Yasar Ozdenkaya, Pelin Basim, Naciye Cigdem Arslan*
Department of General Surgery, Istanbul Medipol University, 34320, Istanbul, Turkey
*Corresponding Author: Naciye Cigdem Arslan, Department of General Surgery, Istanbul Medipol University, 34320, Istanbul, Turkey
Received: 30 January 2024; Accepted: 05 February 2024; Published: 09 February 2024
Context: The management of thyroid nodules with intermediate category of the Bethesda System for Reporting Thyroid Cancer (TBSRTC) is still debatable.
Objective: To investigate the diagnostic accuracy of neutrophil-tolymphocyte ratio (NLR) in detecting cancer in intermediate TBSRTC categories.
Design: Data of the patients who underwent thyroidectomy between 2012 and 2018 were analyzed retrospectively.
Subjects and Methods: Demographic characteristics, complete blood count, thyroid stimulating hormone (TSH) value, TBSRTC categories and postoperative pathology of the patients were collected.

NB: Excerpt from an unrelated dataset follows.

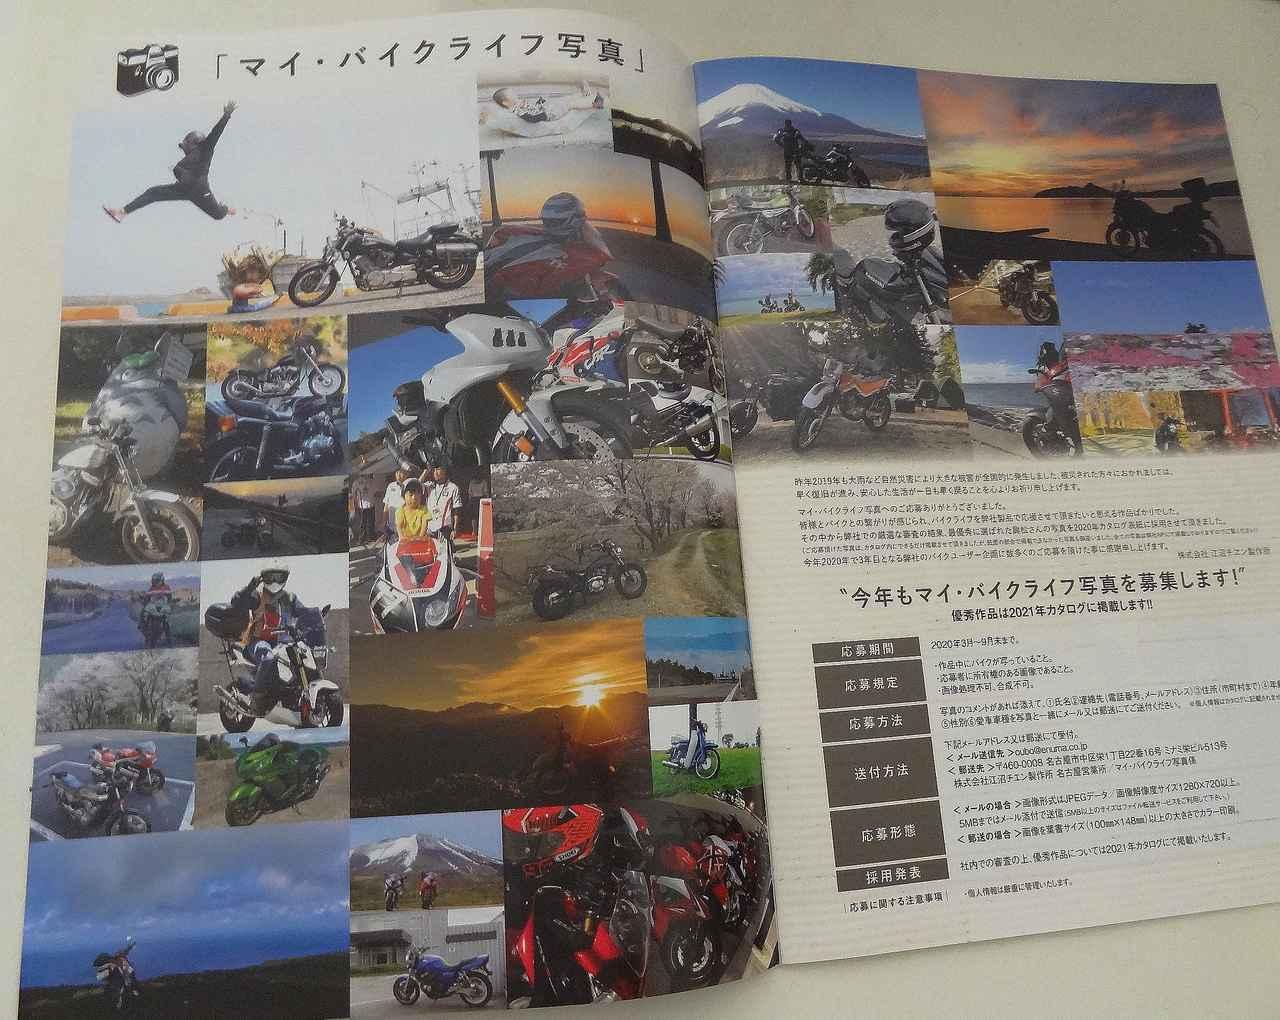 画像: 巻頭には同社カタログの目玉、ライダーから募った写真を掲載している

The association with preoperative NLR and postoperative pathology was assessed.
Results: Of 146 patients included in the study, 57 (39%) were in TBSRTC III, IV and V category. The mean NLR in this subgroup was 2.1±0.8 and similar between TBSRTC III, IV and IV groups (p=0.737). Thyroid cancer was detected in 38 (66.7%) patients. The mean NLR was 2.4±0.8 in thyroid cancers and significantly higher when compared with patients with benign postoperative pathology (1.6±0.4, p=0.014). There was a significant difference between papillary and follicular cancer; the mean NLR was 2.3±0.8 in papillary cancer and 2.6±0.7 in follicular cancer patients (p=0.005). The cut-off value of NLR for predicting cancer at 89% sensitivity and 53% specificity was 1.6 (Area under curve: 0.769, 95% confidence interval: 0.643-0.895, p=0.001).
Conclusion: Preoperative NLR is elevated in patients with thyroid cancer in intermediate TBSRTC categories. Despite low diagnostic accuracy, considering its availability and low costs, NLR has merit for further studies.
Goiter, Bethesda classification, fine needle aspiration biopsy, papillary thyroid carcinoma, thyroid nodule, neutrophil-to-lymphocyte ratio
Goiter articles, Bethesda classification articles, fine needle aspiration biopsy articles, papillary thyroid carcinoma articles, thyroid nodule articles, neutrophil-to-lymphocyte ratio articles.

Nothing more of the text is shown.